Expanded hours, starting on Sunday, November 3 –
Monday thru Saturday: 10:00 A.M. to 7:00 P.M.
Sundays 10:00 A.M. to 5:00 P.M.

Georgetown Brewing
5200 Denver Ave S.
Seattle, WA 98108
(map)

 



2 comments

  1. I’ve always found this very interesting, your local brewery charged $6 for 64 oz of Manny’s, $8 for the ipa. The premise of a growler is go somewhere else to enjoy it = out of this neighborhood. Yet local restaurants and bars still served the brewery’s product. I worked in Georgetown for 8 yrs and it’s a tough buck to earn. Why support a brewery that competes for that buck right down the street, never made any business sense to me. Still love the growler program

    1. You are not the only person who raises questions about this. I have heard it from bar owners who love their local breweries but do not necessarily love the idea of competing with them for on-premise sales.

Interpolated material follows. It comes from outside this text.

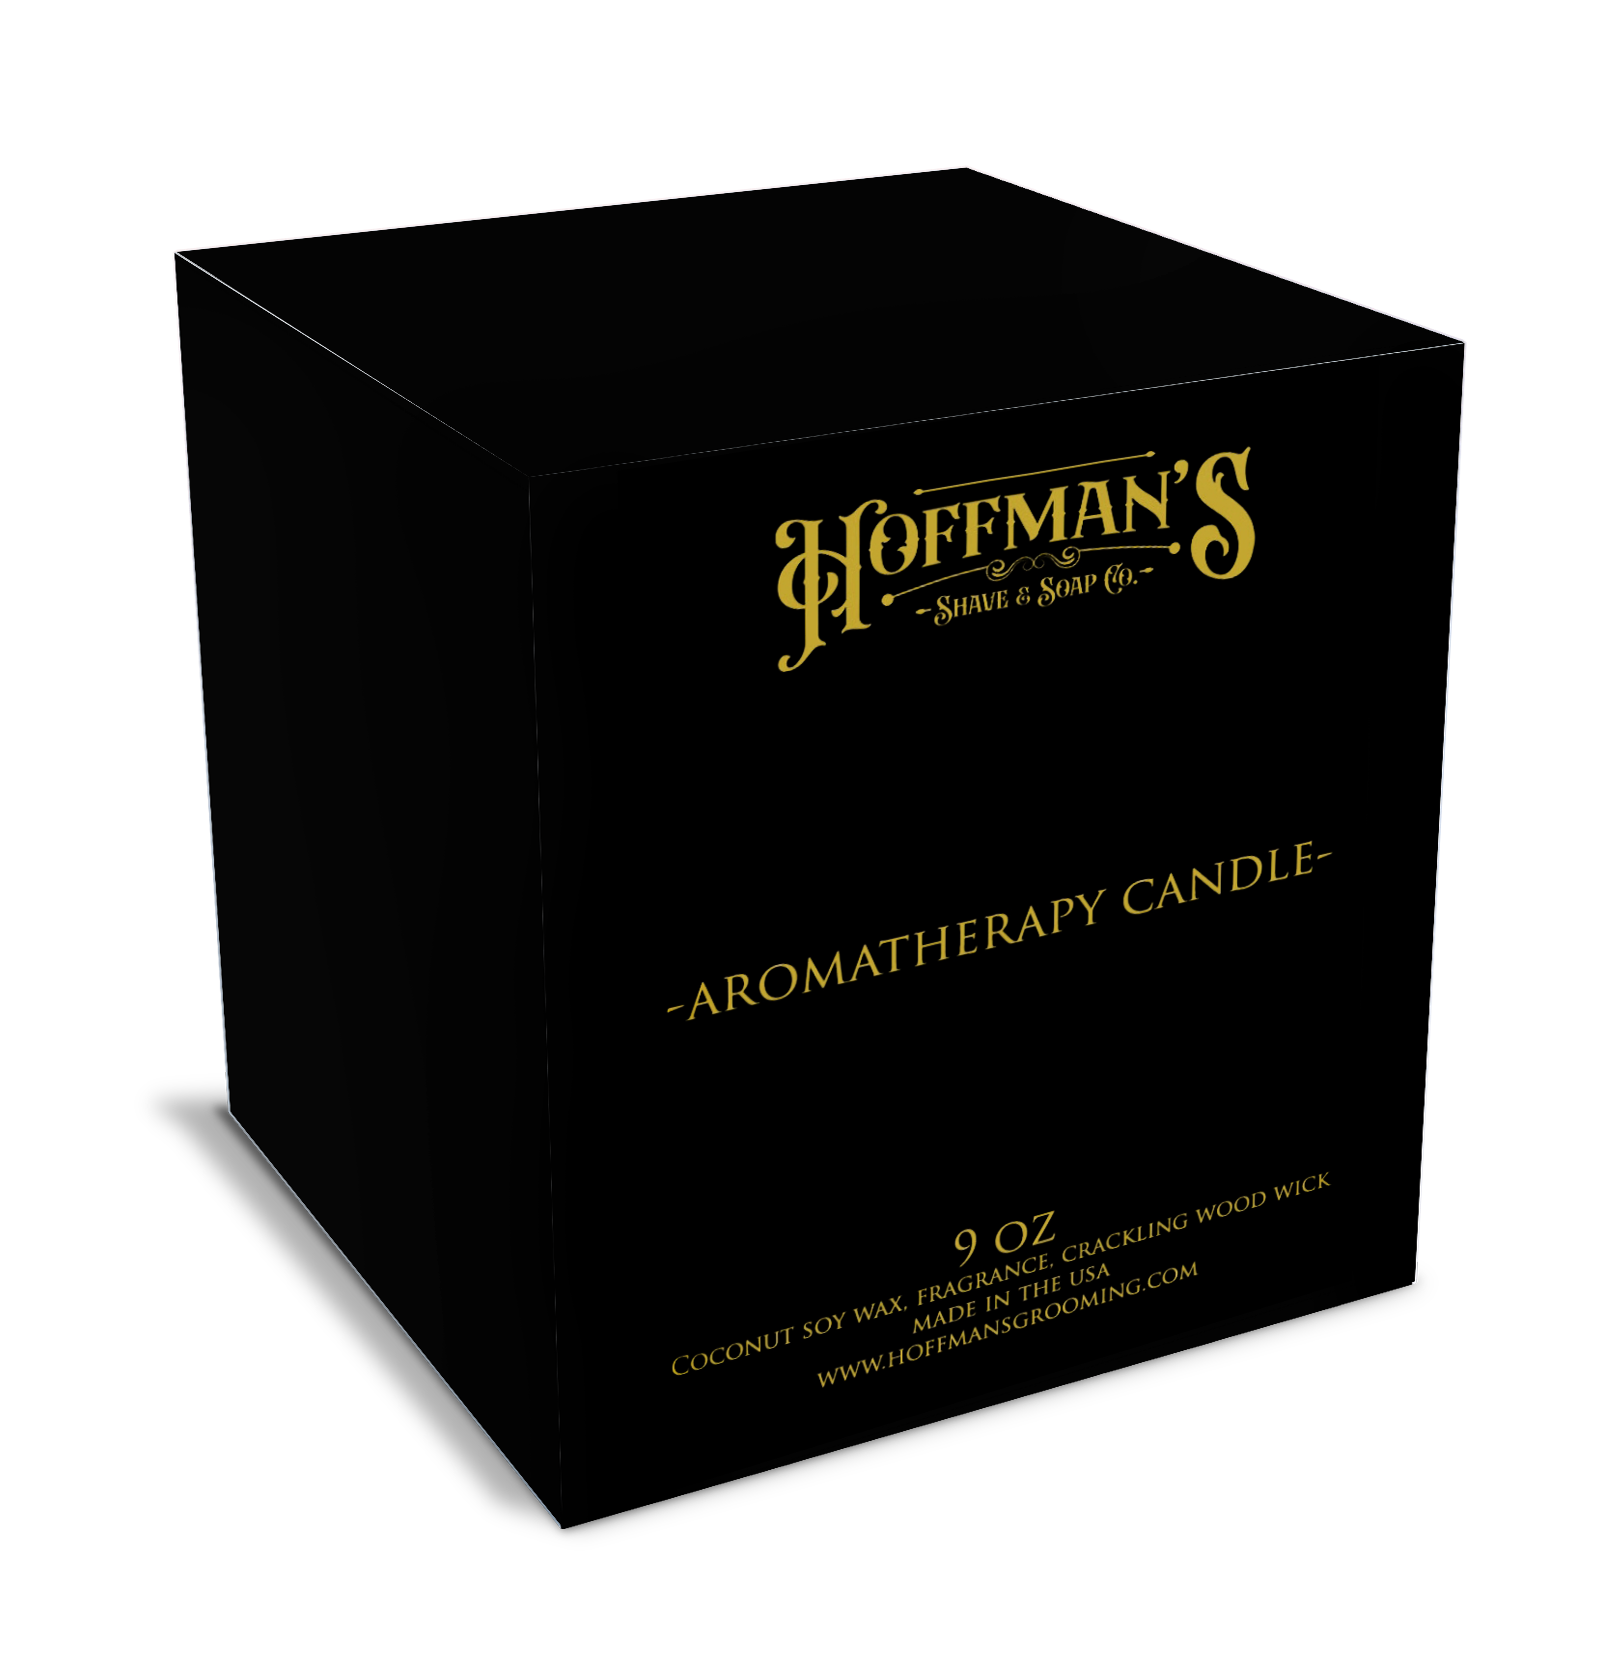 Rio Grande 9oz Aromatherapy Candle Box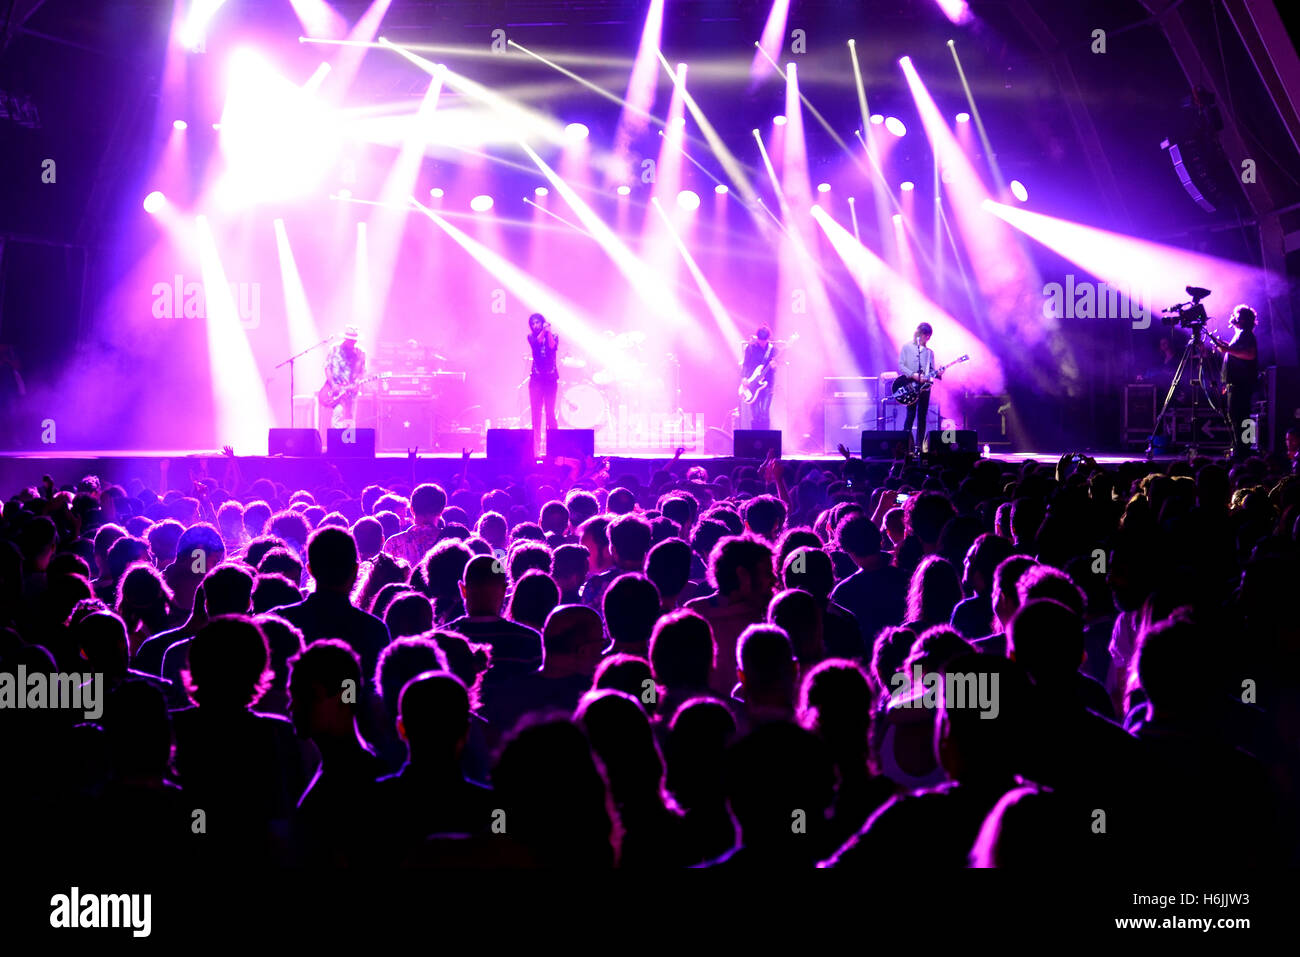 BARCELONA - JUL 4: Crowd in a concert at Vida Festival on July 4, 2015 in Barcelona, Spain. Stock Photo

      Not that I know everything, because I certainly do not, but I do know this. The act of going to a bar, a pub, or a restaurant is distinctly different than the act of visiting a brewery taproom. All those people at all those taprooms in Ballard on a Saturday afternoon would not be drinking at the Sloop Tavern if those brewery taprooms were not there. The people who visit Georgetown Brewing or another local Georgetown brewery taproom at 3:00 on a Saturday afternoon would not otherwise be sitting at Jules Maes or the 9 Lb Hammer at 3:00 on a Saturday afternoon.

      That’s what I see, anyway. Apples and oranges that happen to grow on the same tree.